Understanding Hepatic Encephalopathy and ways to manage it

HomeLiverUnderstanding Hepatic Encephalopathy and ways to manage it

Many different conditions can lead to brain dysfunction, which is medically referred to as encephalopathy. When the liver is unable to function normally or when portosystemic shunting causes blood to flow from the digestive system directly to the brain, a condition known as hepatic encephalopathy (HE) develops. HE can show up as a wide variety of neurological and psychological disorders.

Under normal circumstances, the liver converts ammonia to urea, which is then harmlessly eliminated via the kidneys. Maintaining a healthy liver and keeping a check on Increased Liver Enzymes are all about prevention. Loss of the liver’s ability to detoxify ammonia, which instead travels through the bloodstream and reaches the brain, is a key factor in the development of HE, though the precise mechanisms by which this occurs are complex and remain incompletely understood. The debilitating symptoms of encephalopathy, which may include subtle personality changes, confusion, and even coma, are thought to be caused by excessive ammonia and other toxins.

Ways to manage It

Alterations to One’s Way of Life and Diet

Dietary protein restriction was once thought to be helpful in treating HE, but now we know better. Talking to your doctor about getting a full nutritional assessment and tailored advice based on your unique situation is a good idea.

The most important thing is to stop drinking entirely if you haven’t already. You should talk to your doctor before taking any new medication, including any over-the-counter drugs that could potentially sedate you.

Medications

The most popular and successful treatment for OHE is lactulose, a non-absorbable sugar. When consumed in liquid form, it reduces stomach acid and modifies gut bacteria, resulting in a number of health benefits. Patients taking this medication should adjust their dosage so that they have two to three bowel movements per day, preferably of the soft variety. Nausea, gas, abdominal pain, diarrhea, and dehydration are all potential negative reactions.

Because of its poor absorption, Xifaxan is most effective against gastrointestinal bacteria. When lactulose alone fails to prevent recurrent episodes of OHE, this therapy is used as an adjunct. Because getting a new drug approved by the FDA takes so long and costs so much money, manufacturers of brand-name drugs typically recoup their investments by charging higher prices. Only through a mail order pharmacy is it possible to buy medications for people who have problems with the side effects of lactulose.

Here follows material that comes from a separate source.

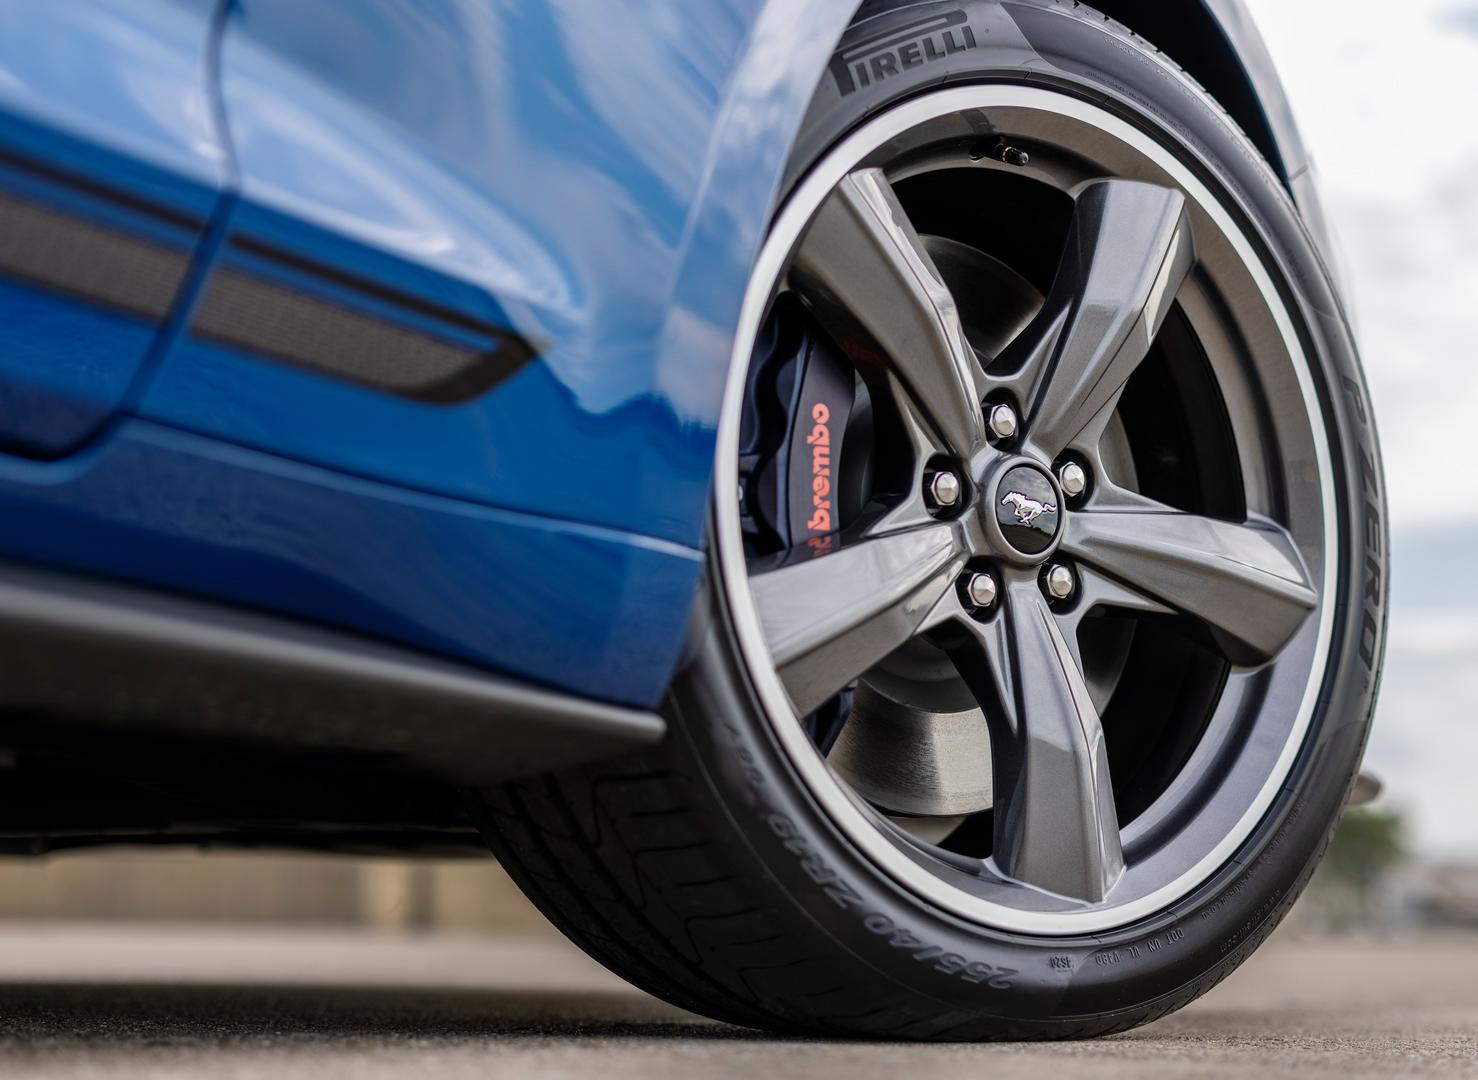 2022 Mustang GT Wheels

After an initial episode of OHE has been properly diagnosed and treated, maintenance therapy, such as that outlined above, is usually recommended to prevent a recurrence.

Surgery

Since chronic or acute liver failure is the usual cause of HE, evaluation for a liver transplant may be appropriate when the condition does not respond to medical therapy or when recurrent episodes occur despite maximal medical therapy.

Conclusions

The quality of life of cirrhosis patients is profoundly impacted by recurrent hepatic encephalopathy. Lactulose and Xifaxan combined with patient education can effectively manage the majority of patients. A liver transplant is a curative option for patients with recurrent hepatic encephalopathy and/or severe liver synthetic dysfunction. Some patients may be candidates for experimental treatments.